Ian Trask is a Maine-based sculptor and multimedia artist who transforms waste materials into objects and installations with new purpose. In a digitally saturated world, Trask has a taste for outdated, analog relics. However, the objects he repurposes are not merely recycled to assuage consumer guilt or resurrected to feed nostalgia. In works like Portal, at the center of this space, Trask suggests new ways of producing—or better yet discovering—value. Discarded, overlooked objects recombine and reassemble to beautiful, sometimes whimsical effect, reminding us that nothing is intrinsically or immutably worthless. Nor are humans the ultimate or only arbiters of worth.
The title of this exhibition is drawn from the Book of Job, specifically its denouement, when the Lord finally responds to the protagonist’s search for a justification for his suffering. Rather than offering Job direct words of solace or explanation, God instead chooses to expound upon the limits of human imagination and comprehension.
Then the Lord answered Job out of the whirlwind: “Who is this that darkens counsel by words without knowledge? Gird up your loins like a man; I will question you, and you shall declare to me. “Where were you when I laid the foundation of the earth? Tell me, if you have understanding. Who determined its measurements—surely you know! Or who stretched the line upon it? On what were its bases sunk, or who laid its cornerstone when the morning stars sang together and all the heavenly beings shouted for joy? (Job 38.1-7)

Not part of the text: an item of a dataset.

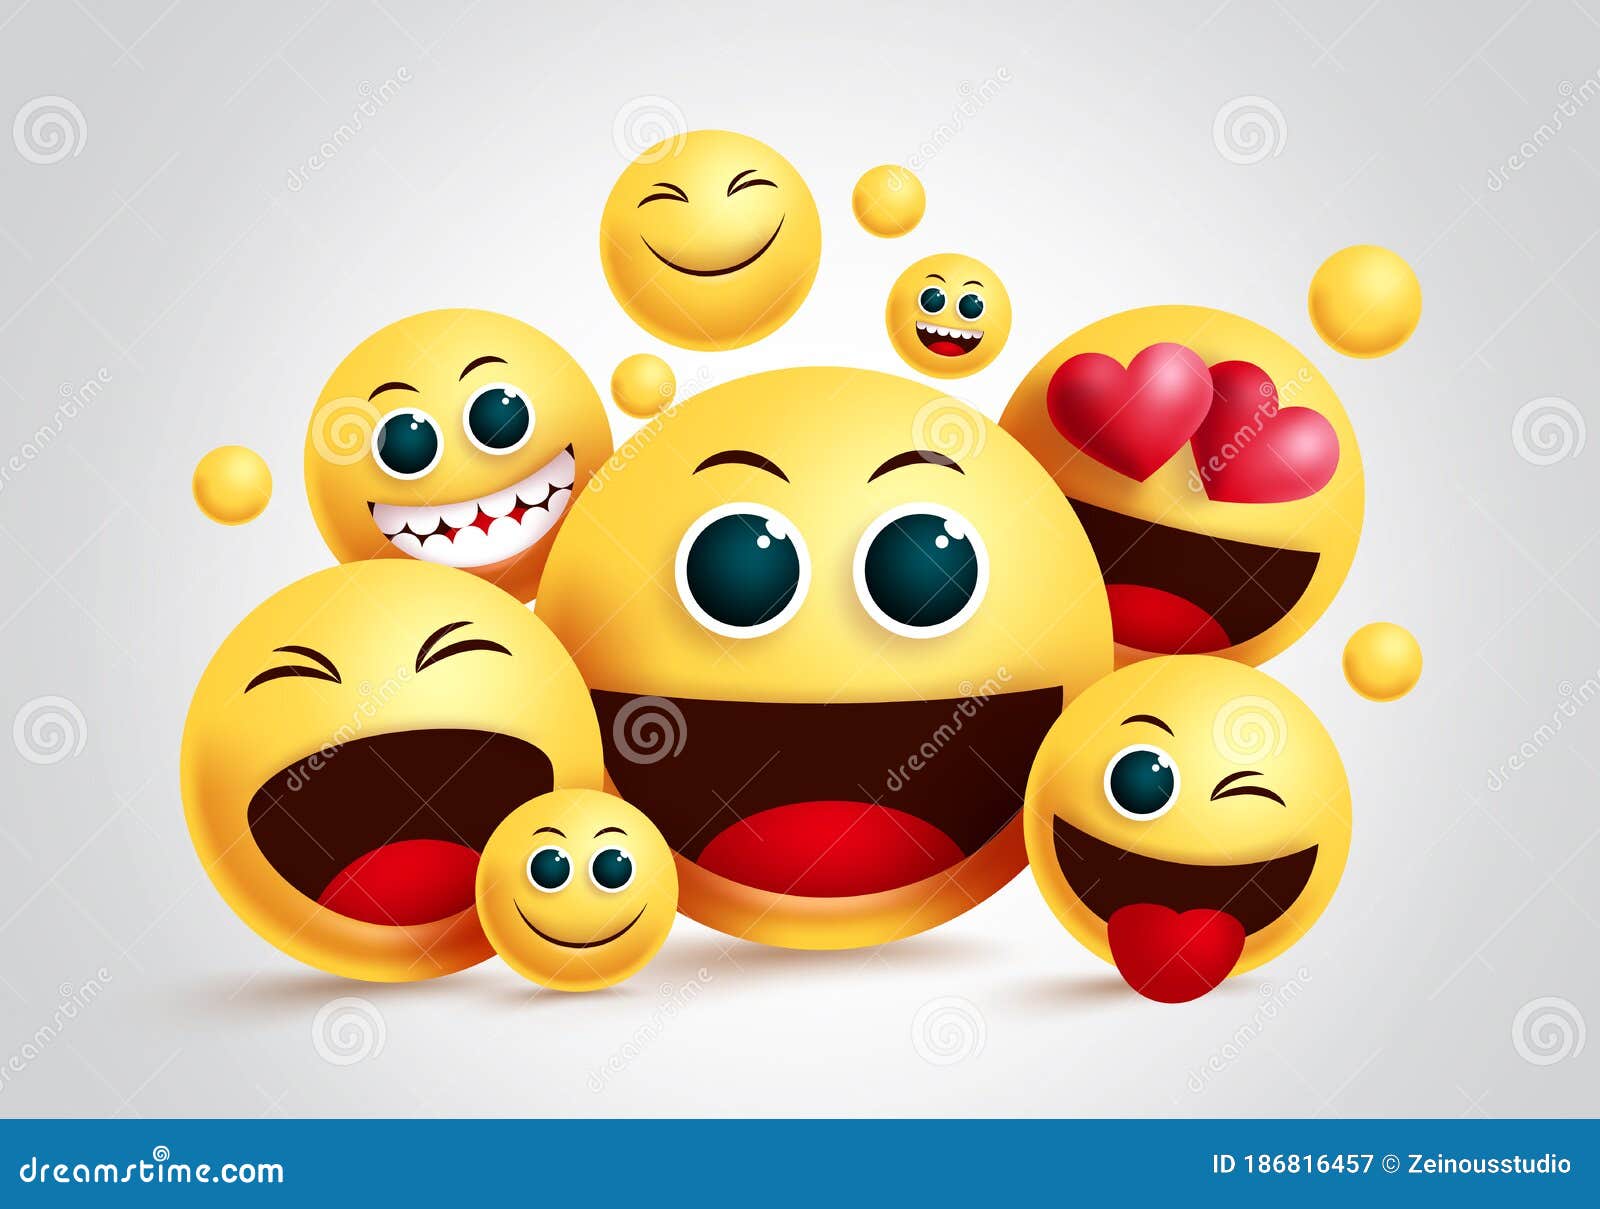 happy emoticon png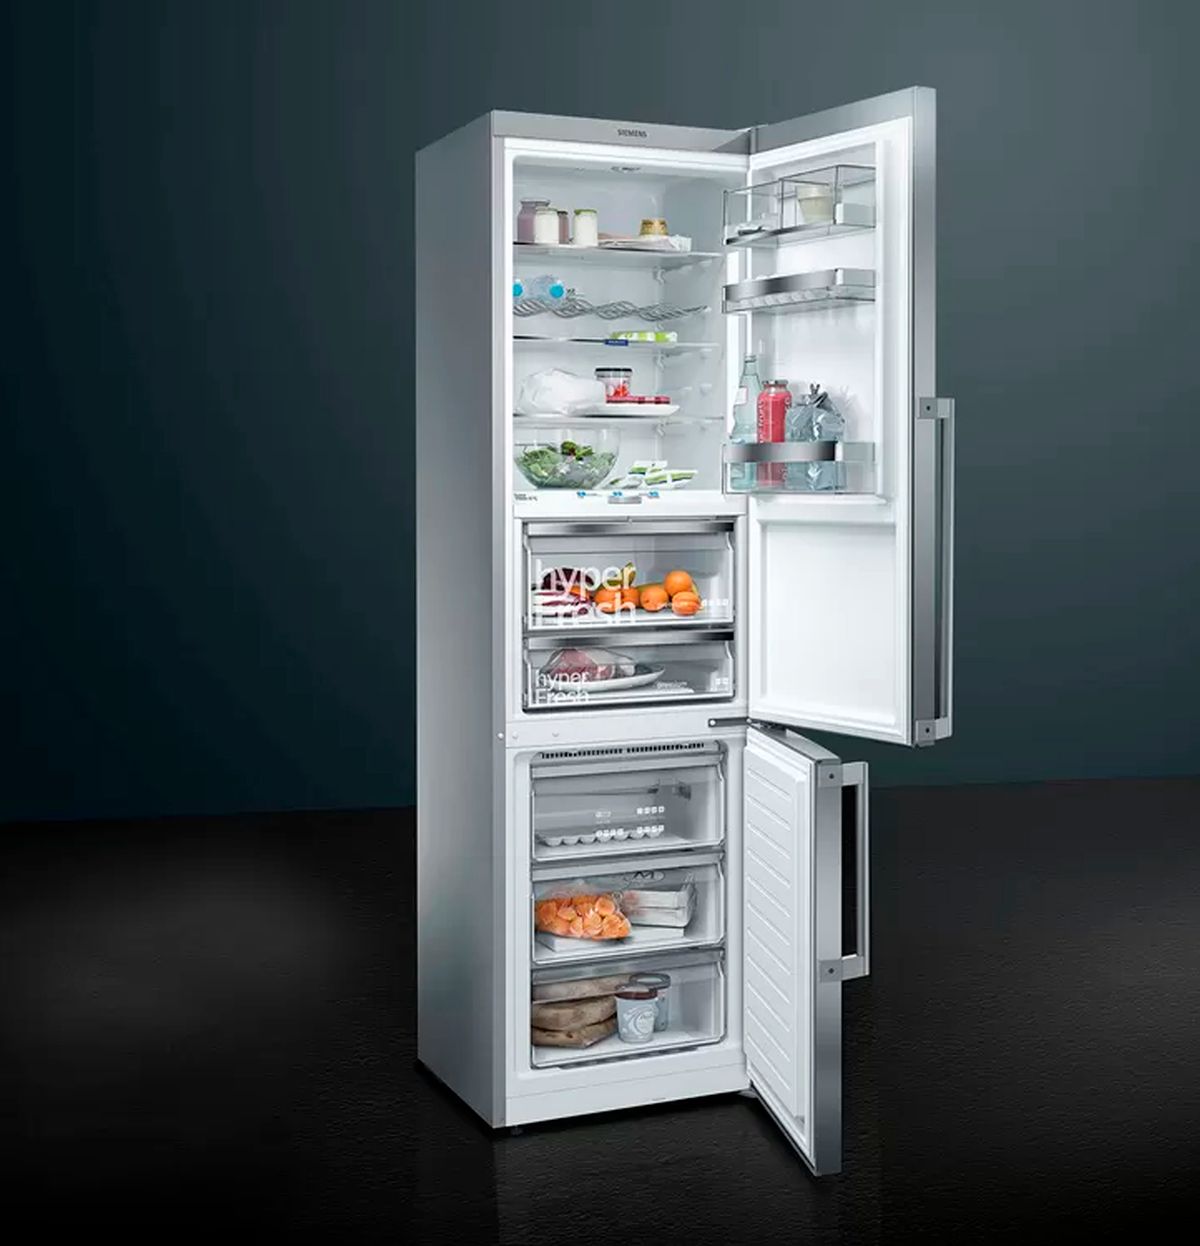 Le differenze tra frigoriferi tradizionali e frigoriferi blast chiller

These rhetorical questions can make anyone who reads the book feel inadequate, to say the least. “But underneath that all-knowing tone,” Trask insightfully notes, “is an admiration of the beautiful complexity of the world; and implicitly contained within that complexity is humanity (and human suffering). There’s a hint that to understand our suffering we need to understand the complexity of all things.” And even if this pursuit is asymptotic—destined never to reach completion—it orients us in the right direction, encouraging us to discover the intricate tapestry into which our lives are woven, with perfect imperfection.